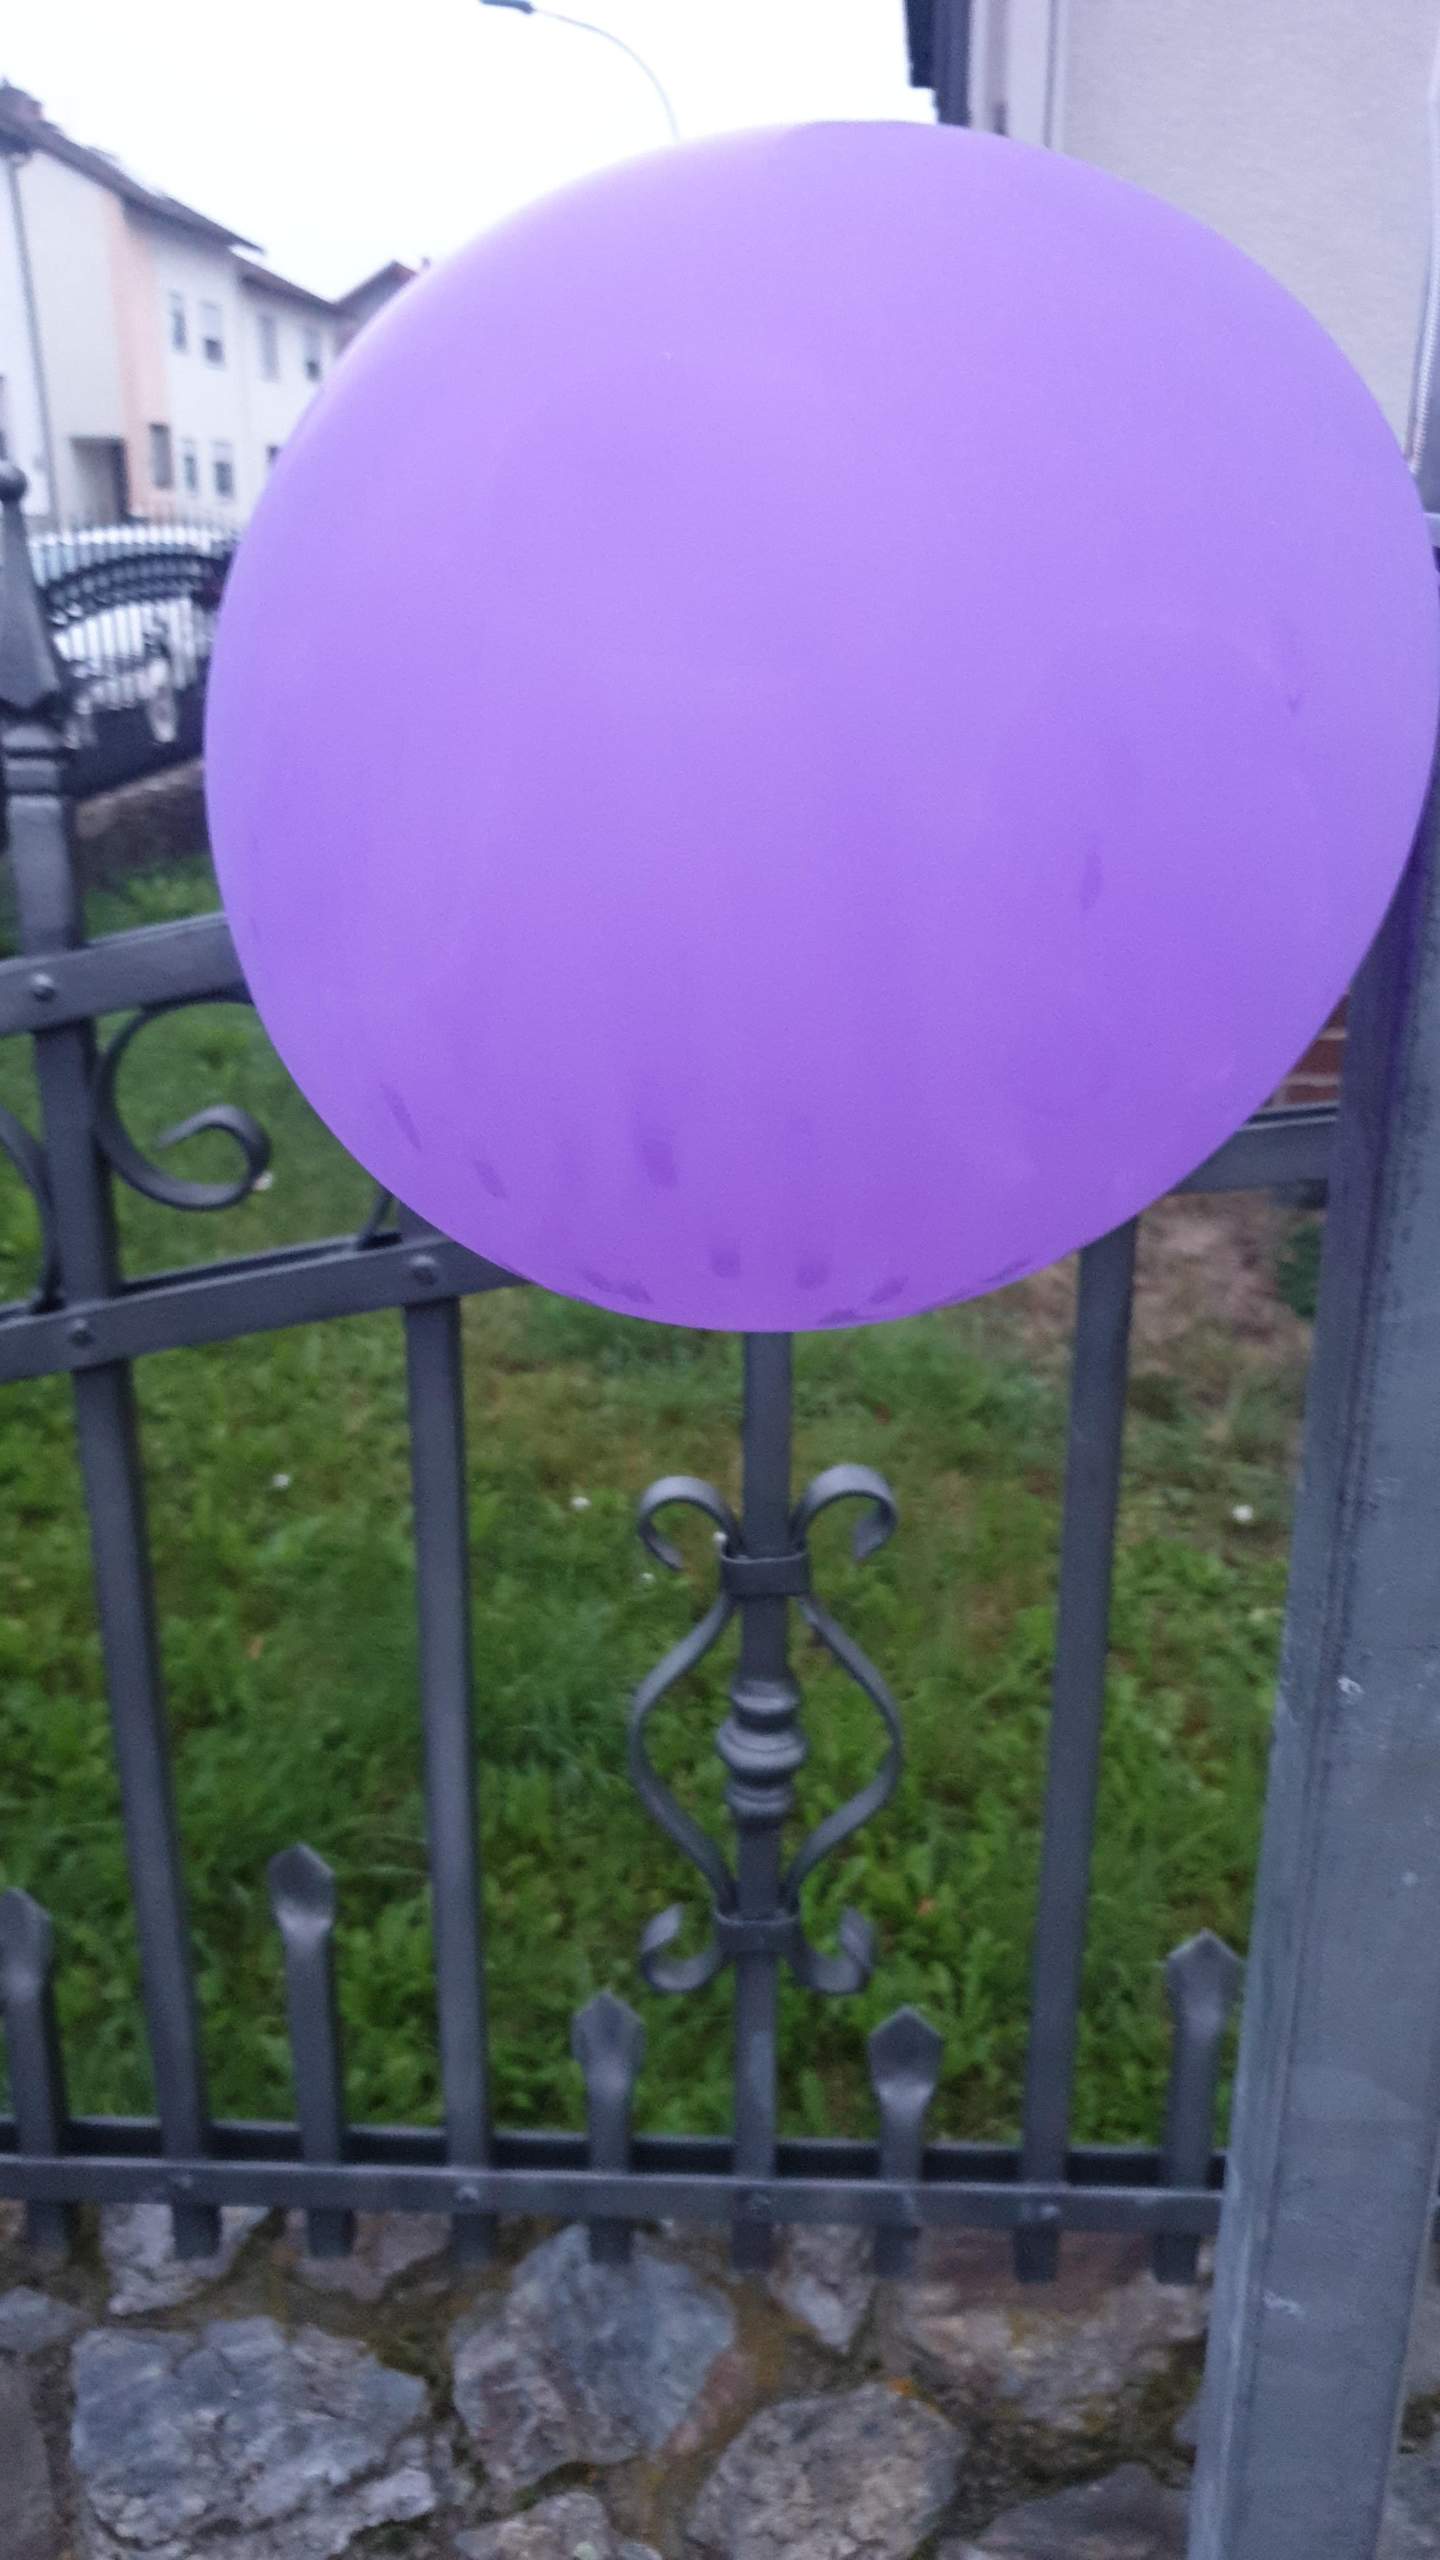 Warum hat man angst vor luftballons
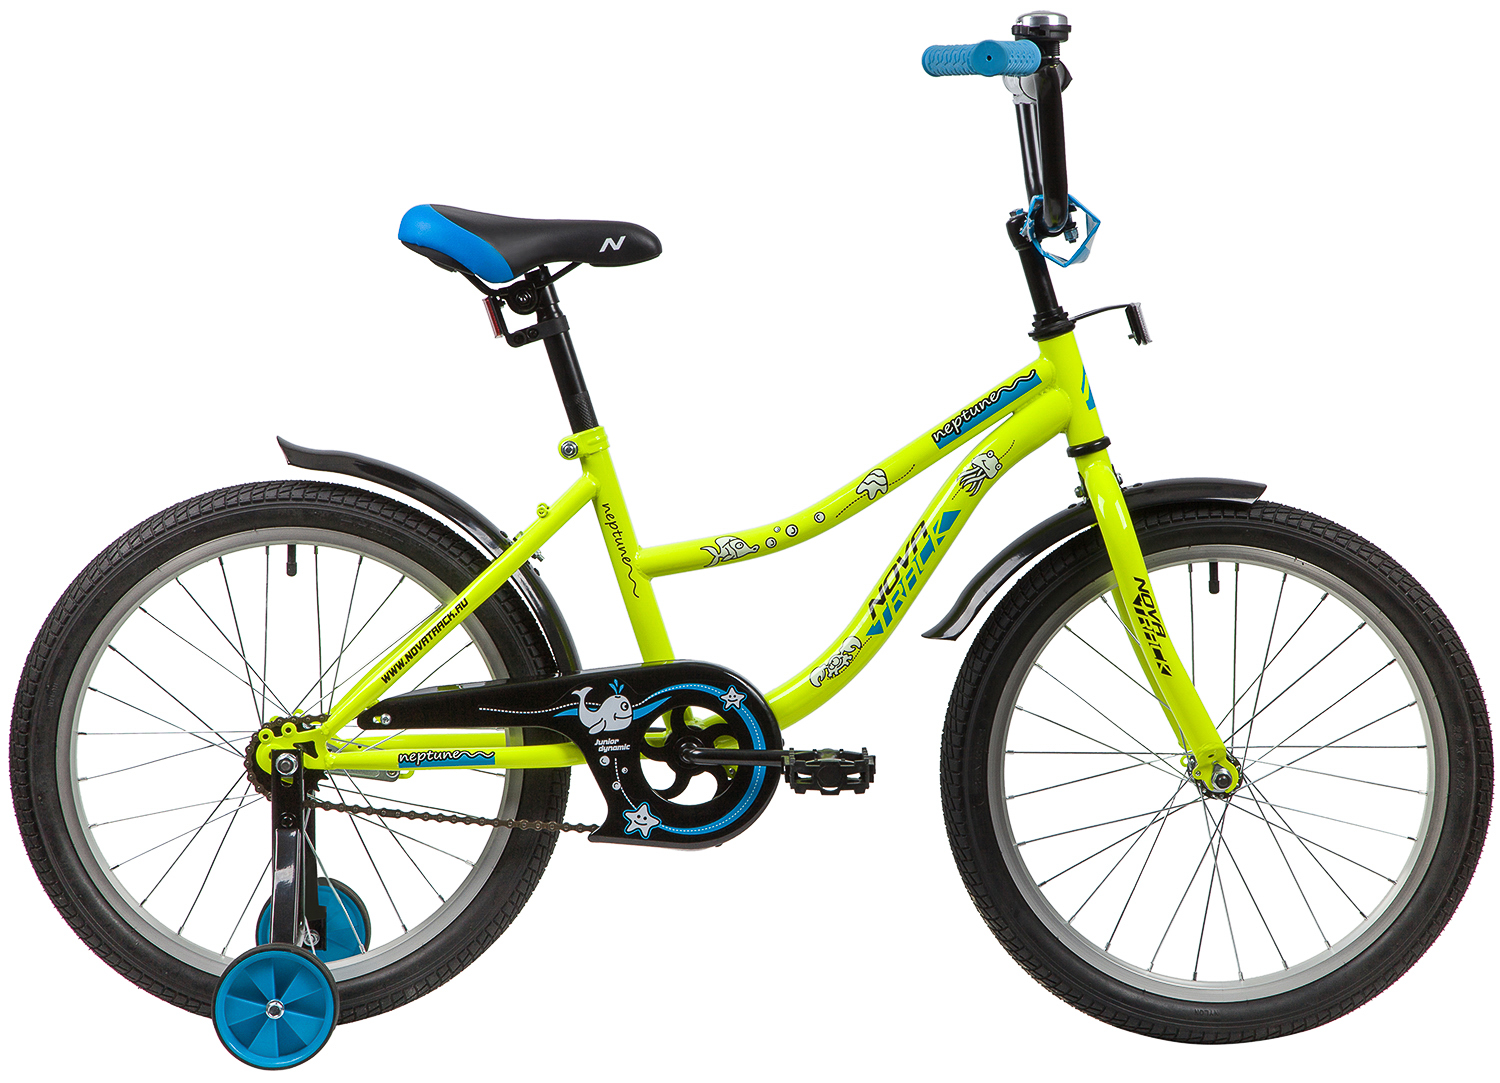  Отзывы о Детском велосипеде Novatrack Neptune 20 2020
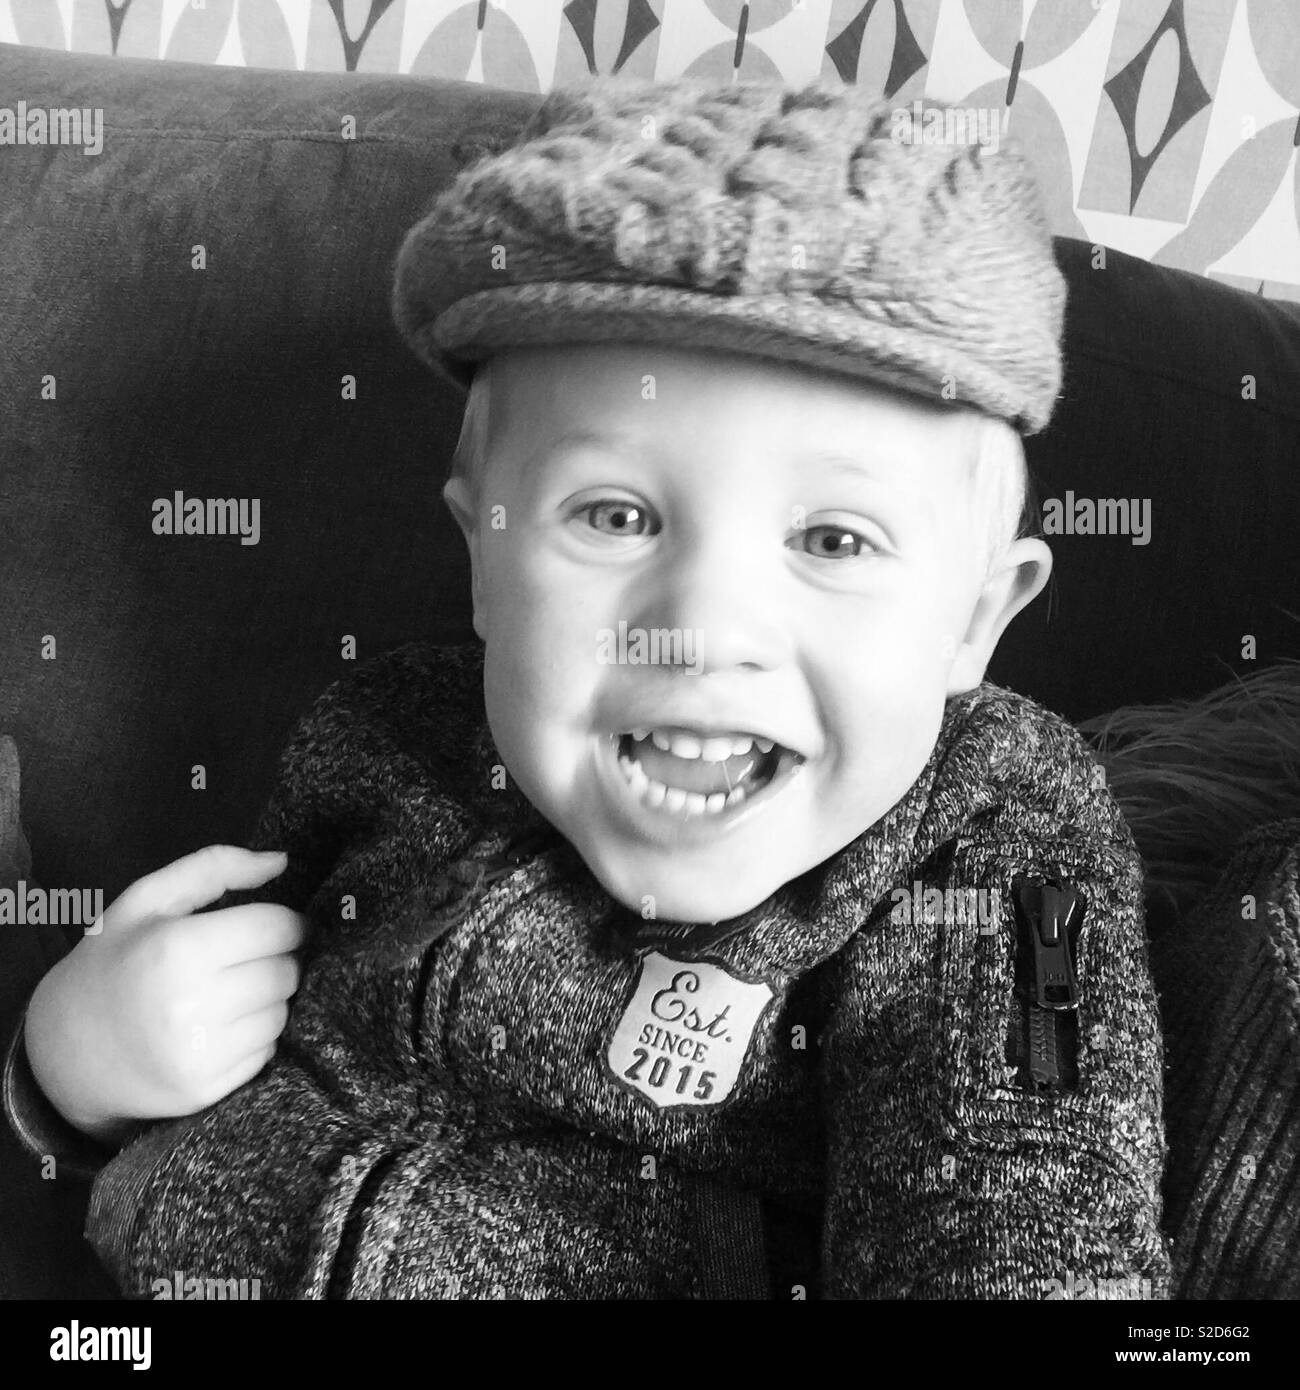 Toddler wearing flat cap smiling cheekily Stock Photo
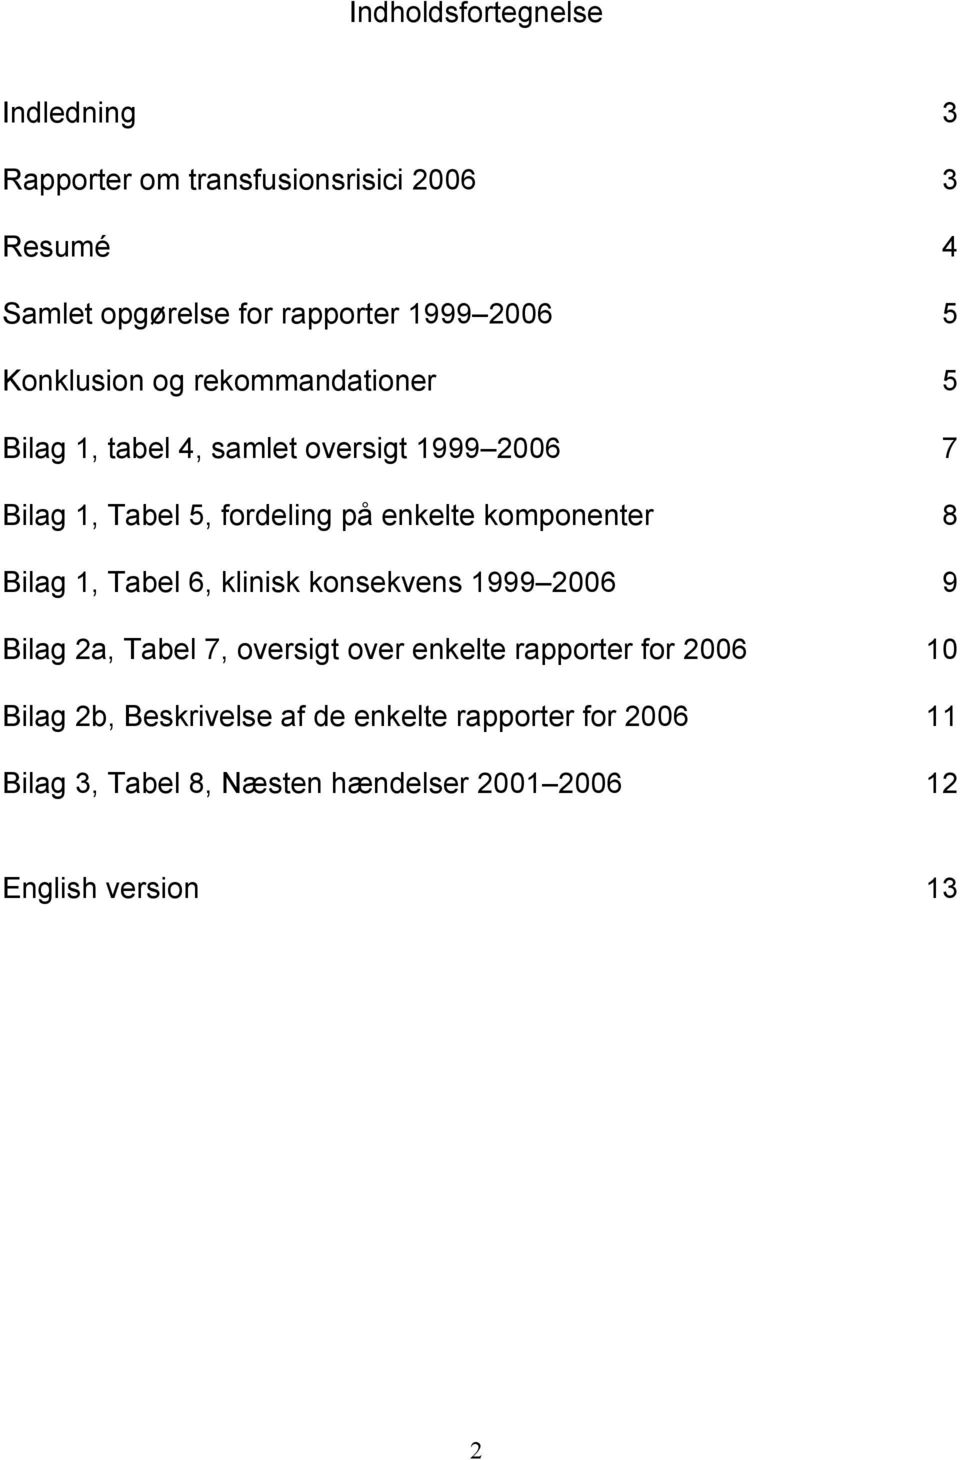 komponenter 8 Bilag 1, Tabel 6, klinisk konsekvens 1999 2006 9 Bilag 2a, Tabel 7, oversigt over enkelte rapporter for 2006

:::

• Task to carry out:
Pictures stay out; the data above is to be returned exactly.

• Answer area:
 Warum hat man angst vor luftballons
  Отзывы о Детском велосипеде Novatrack Neptune 20 2020
 Toddler wearing flat cap smiling cheekily Stock Photo
 komponenter 8 Bilag 1, Tabel 6, klinisk konsekvens 1999 2006 9 Bilag 2a, Tabel 7, oversigt over enkelte rapporter for 2006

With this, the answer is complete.